(WORK INSTRUCTION) In your answer, reproduce exactly the lines from the beginning of the listing below through the one containing "艾杰尔Cleanert SUL-5(磺胺柱)", and only those lines.

(WORKING DATA)
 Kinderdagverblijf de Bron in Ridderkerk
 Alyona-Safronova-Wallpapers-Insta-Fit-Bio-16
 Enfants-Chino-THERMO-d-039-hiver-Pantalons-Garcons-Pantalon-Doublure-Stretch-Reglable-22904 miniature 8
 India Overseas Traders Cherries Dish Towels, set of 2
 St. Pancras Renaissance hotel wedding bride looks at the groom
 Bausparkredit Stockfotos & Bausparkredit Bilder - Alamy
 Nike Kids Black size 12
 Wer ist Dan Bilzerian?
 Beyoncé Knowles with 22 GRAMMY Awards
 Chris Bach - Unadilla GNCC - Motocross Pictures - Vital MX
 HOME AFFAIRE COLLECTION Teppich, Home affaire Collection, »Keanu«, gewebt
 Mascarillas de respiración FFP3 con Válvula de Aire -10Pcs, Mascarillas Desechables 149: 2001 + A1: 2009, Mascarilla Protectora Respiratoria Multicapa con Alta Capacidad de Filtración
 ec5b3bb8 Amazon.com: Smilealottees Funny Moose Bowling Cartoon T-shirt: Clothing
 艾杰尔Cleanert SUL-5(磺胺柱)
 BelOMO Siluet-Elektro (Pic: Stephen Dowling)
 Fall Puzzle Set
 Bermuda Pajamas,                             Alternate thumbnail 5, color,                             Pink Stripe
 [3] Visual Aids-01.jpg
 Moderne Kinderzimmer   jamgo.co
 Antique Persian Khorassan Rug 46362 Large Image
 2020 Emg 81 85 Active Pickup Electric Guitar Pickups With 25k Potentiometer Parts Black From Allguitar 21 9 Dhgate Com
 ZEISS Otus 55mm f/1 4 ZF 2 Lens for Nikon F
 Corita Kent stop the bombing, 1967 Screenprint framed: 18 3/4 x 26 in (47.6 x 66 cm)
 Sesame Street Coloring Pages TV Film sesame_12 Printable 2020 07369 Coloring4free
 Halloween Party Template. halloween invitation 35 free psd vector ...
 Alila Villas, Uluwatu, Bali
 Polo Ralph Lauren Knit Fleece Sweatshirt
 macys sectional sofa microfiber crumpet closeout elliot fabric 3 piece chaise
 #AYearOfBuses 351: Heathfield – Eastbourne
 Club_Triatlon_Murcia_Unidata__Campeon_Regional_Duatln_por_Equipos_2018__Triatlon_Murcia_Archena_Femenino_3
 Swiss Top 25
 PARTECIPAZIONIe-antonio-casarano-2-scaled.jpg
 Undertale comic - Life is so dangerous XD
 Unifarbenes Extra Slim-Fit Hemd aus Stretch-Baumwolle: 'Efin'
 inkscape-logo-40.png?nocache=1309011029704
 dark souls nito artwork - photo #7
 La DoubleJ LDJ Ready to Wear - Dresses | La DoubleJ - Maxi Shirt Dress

(EXERCISE SOLUTION)
 Kinderdagverblijf de Bron in Ridderkerk
 Alyona-Safronova-Wallpapers-Insta-Fit-Bio-16
 Enfants-Chino-THERMO-d-039-hiver-Pantalons-Garcons-Pantalon-Doublure-Stretch-Reglable-22904 miniature 8
 India Overseas Traders Cherries Dish Towels, set of 2
 St. Pancras Renaissance hotel wedding bride looks at the groom
 Bausparkredit Stockfotos & Bausparkredit Bilder - Alamy
 Nike Kids Black size 12
 Wer ist Dan Bilzerian?
 Beyoncé Knowles with 22 GRAMMY Awards
 Chris Bach - Unadilla GNCC - Motocross Pictures - Vital MX
 HOME AFFAIRE COLLECTION Teppich, Home affaire Collection, »Keanu«, gewebt
 Mascarillas de respiración FFP3 con Válvula de Aire -10Pcs, Mascarillas Desechables 149: 2001 + A1: 2009, Mascarilla Protectora Respiratoria Multicapa con Alta Capacidad de Filtración
 ec5b3bb8 Amazon.com: Smilealottees Funny Moose Bowling Cartoon T-shirt: Clothing
 艾杰尔Cleanert SUL-5(磺胺柱)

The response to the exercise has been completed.